The safety model — Constitutional AI and RLHF
Claude’s behaviour is shaped by two training techniques that directly affect how it responds to security-related prompts.
Constitutional AI (CAI): Anthropic trains Claude against a set of principles (a “constitution”) that define what helpful, harmless, and honest responses look like. This means Claude will sometimes refuse to help with tasks it considers potentially harmful — even if your intent is legitimate. For example: asking Claude to “write a phishing email” for a security awareness training exercise may be refused or heavily caveated, because the model cannot verify your intent.
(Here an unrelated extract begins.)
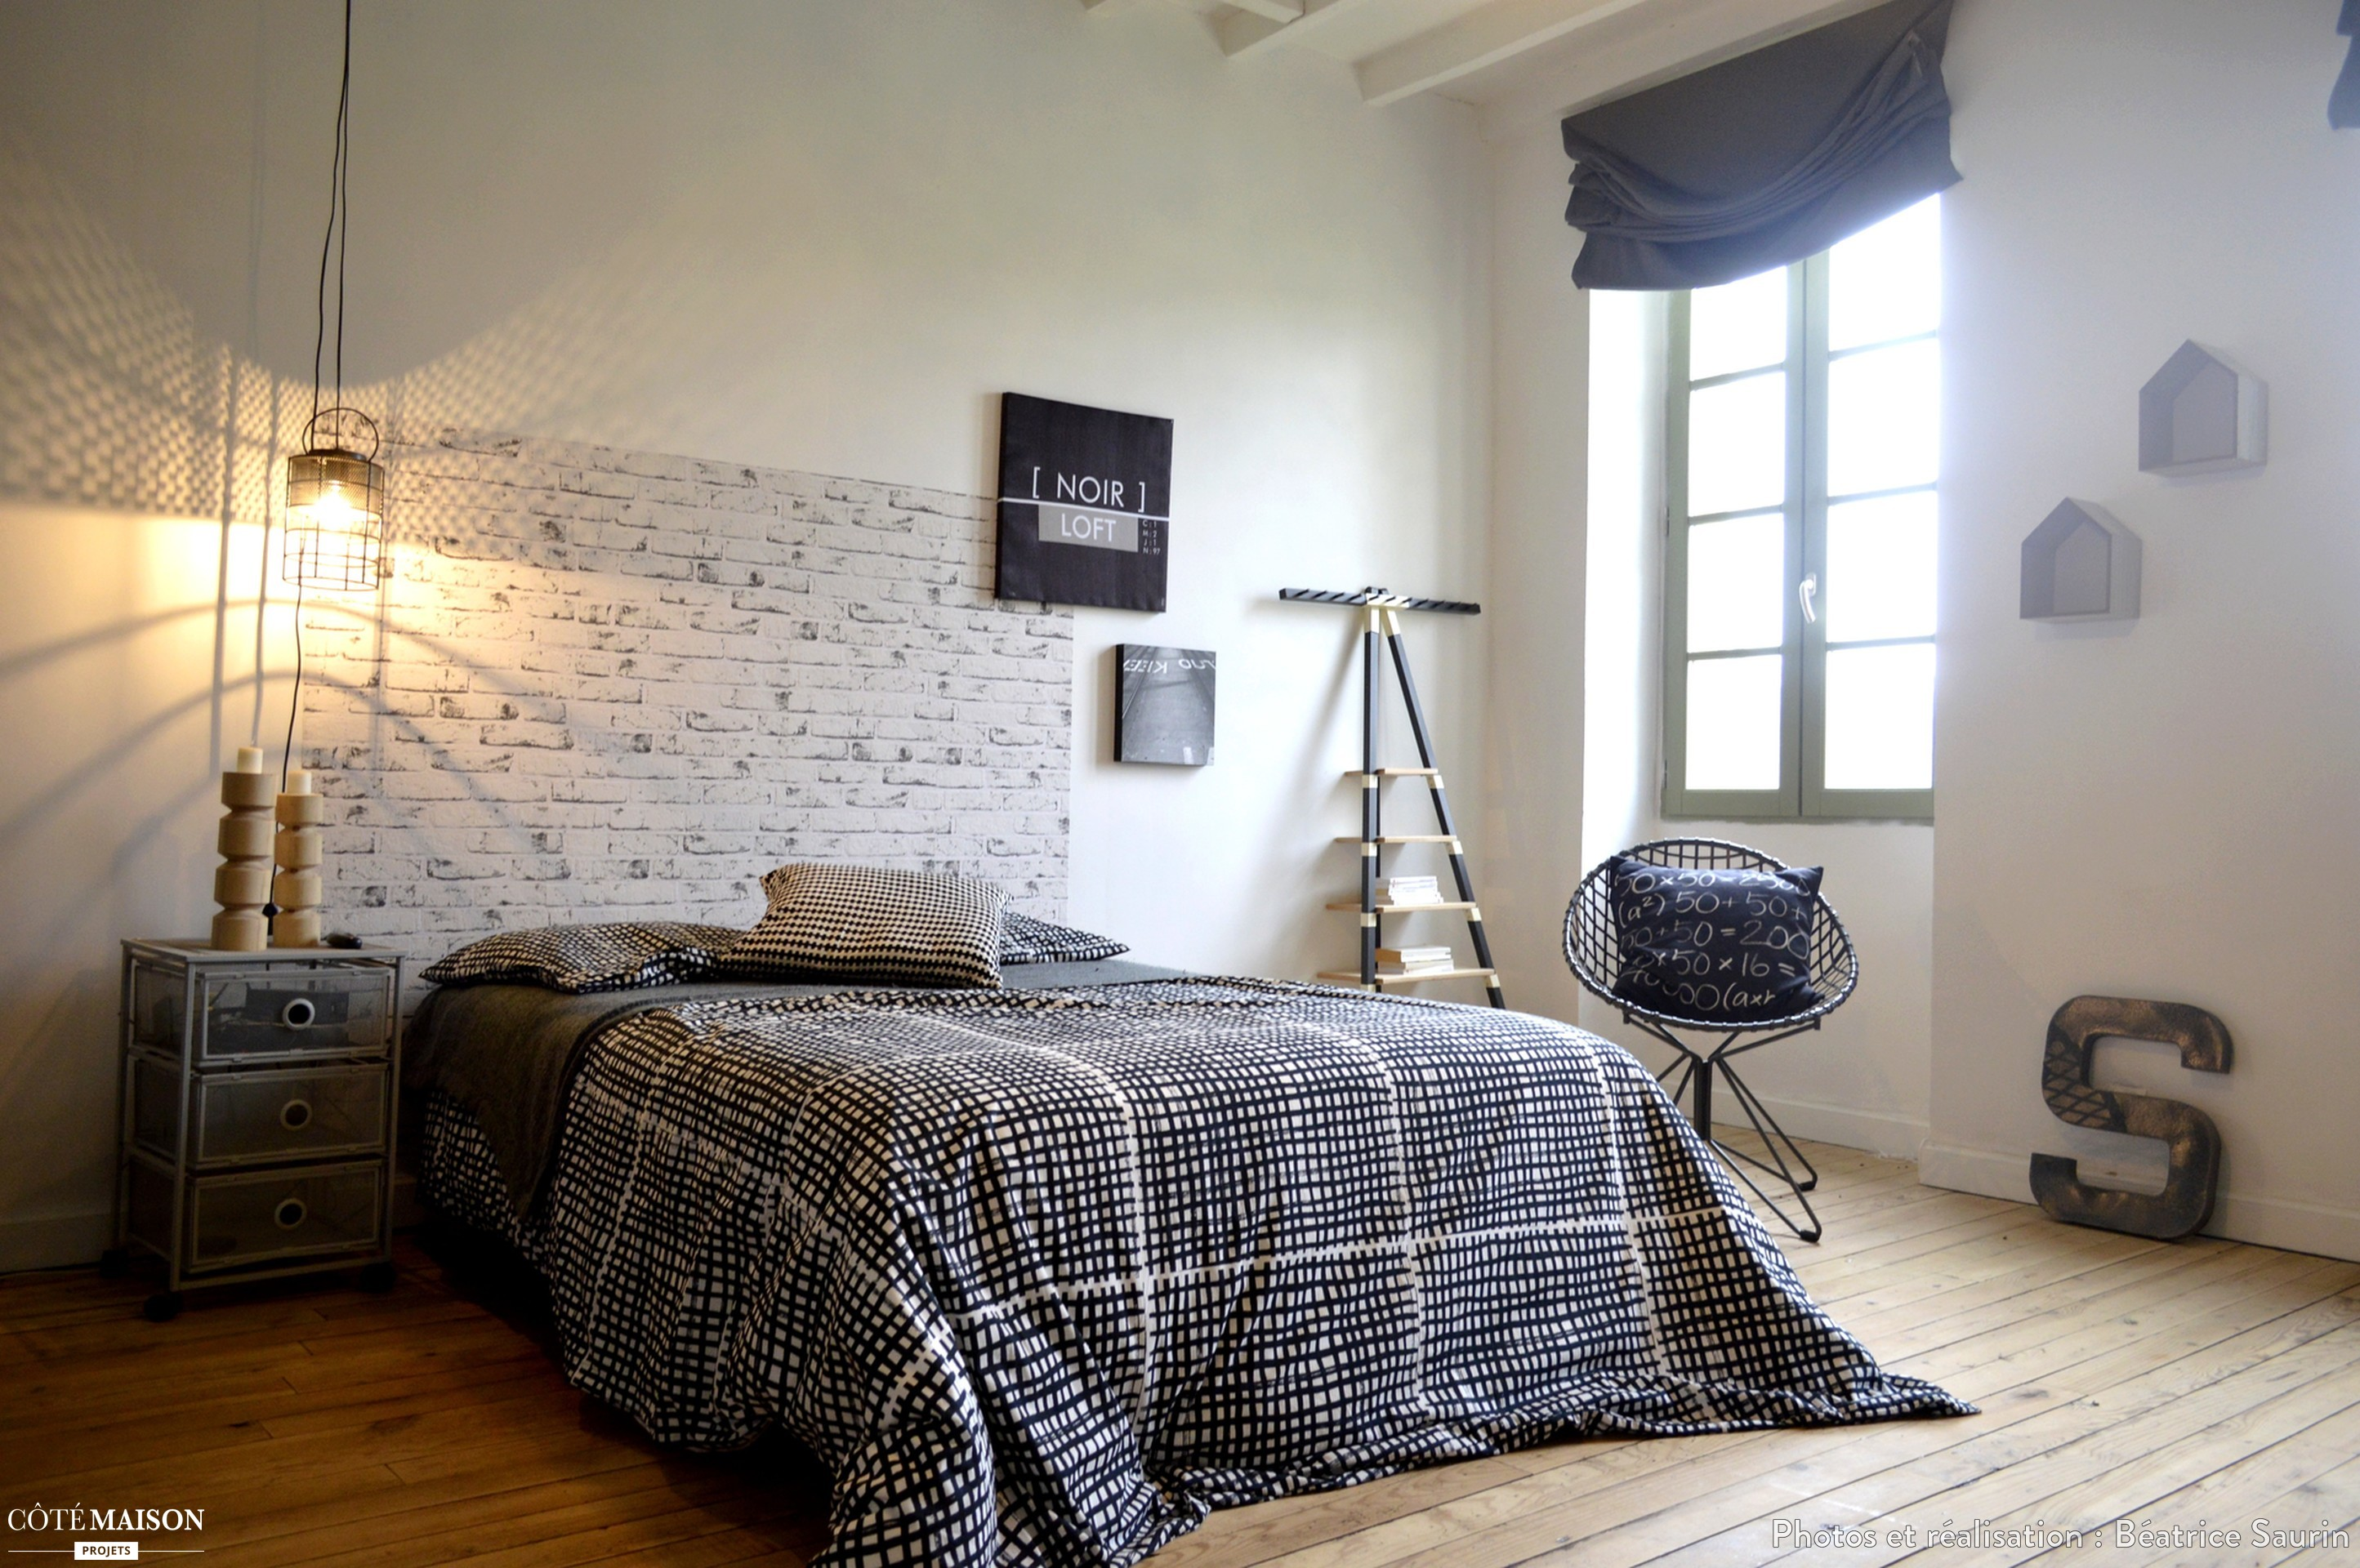 Rnovation et dcoration dune chambre dadolescent Batrice Saurin  Ct Maison

Reinforcement Learning from Human Feedback (RLHF): Human raters evaluated Claude’s responses during training and provided feedback on quality. This tuning makes Claude helpful and conversational, but it also introduces a tendency toward verbosity and hedging. Claude may add unnecessary caveats (“I should note that…”) or qualifications that a security professional does not need. Module F3 (Prompt Engineering) teaches you how to control this.
Practical impact for security work: Claude may refuse to generate realistic phishing emails, even for defensive testing. Claude may add extensive caveats to malware analysis output. Claude may decline to provide specific exploit details, even when discussing detection strategies. These are features, not bugs — but they require adjusted prompting techniques covered in Module F3.
Knowledge checks
Check your understanding
1. You ask Claude to write a KQL query that joins SigninLogs with a table called "UserRiskEvents." Claude produces a syntactically correct query. Is the query safe to deploy?
2. You need to analyse 2,000 rows of sign-in log data. Should you paste it into Claude or use a different approach?
3. Claude generates an IR report section that describes a Defender for Endpoint feature called "Automated Response Actions." You do not recognise the feature name. What do you do?
Key takeaways
Claude is a text prediction engine, not an expert system. It generates statistically probable output based on training data. This makes it fast and versatile, but it means every output needs human verification in security contexts.
Choose the right model tier. Sonnet for daily work. Opus for complex analysis. Haiku for simple, high-volume tasks.
The context window is your friend. 200K tokens means you can send substantial amounts of data in a single prompt. Use it — paste logs, upload documents, provide full context.
Knowledge cutoff matters. Verify feature names, table schemas, and product capabilities against current documentation. Claude’s training data stops at May 2025.
Safety constraints affect security prompts. Claude may refuse or caveat requests related to attack techniques, phishing, malware, and exploitation. Module F3 teaches prompting patterns that work within these constraints for legitimate defensive security work.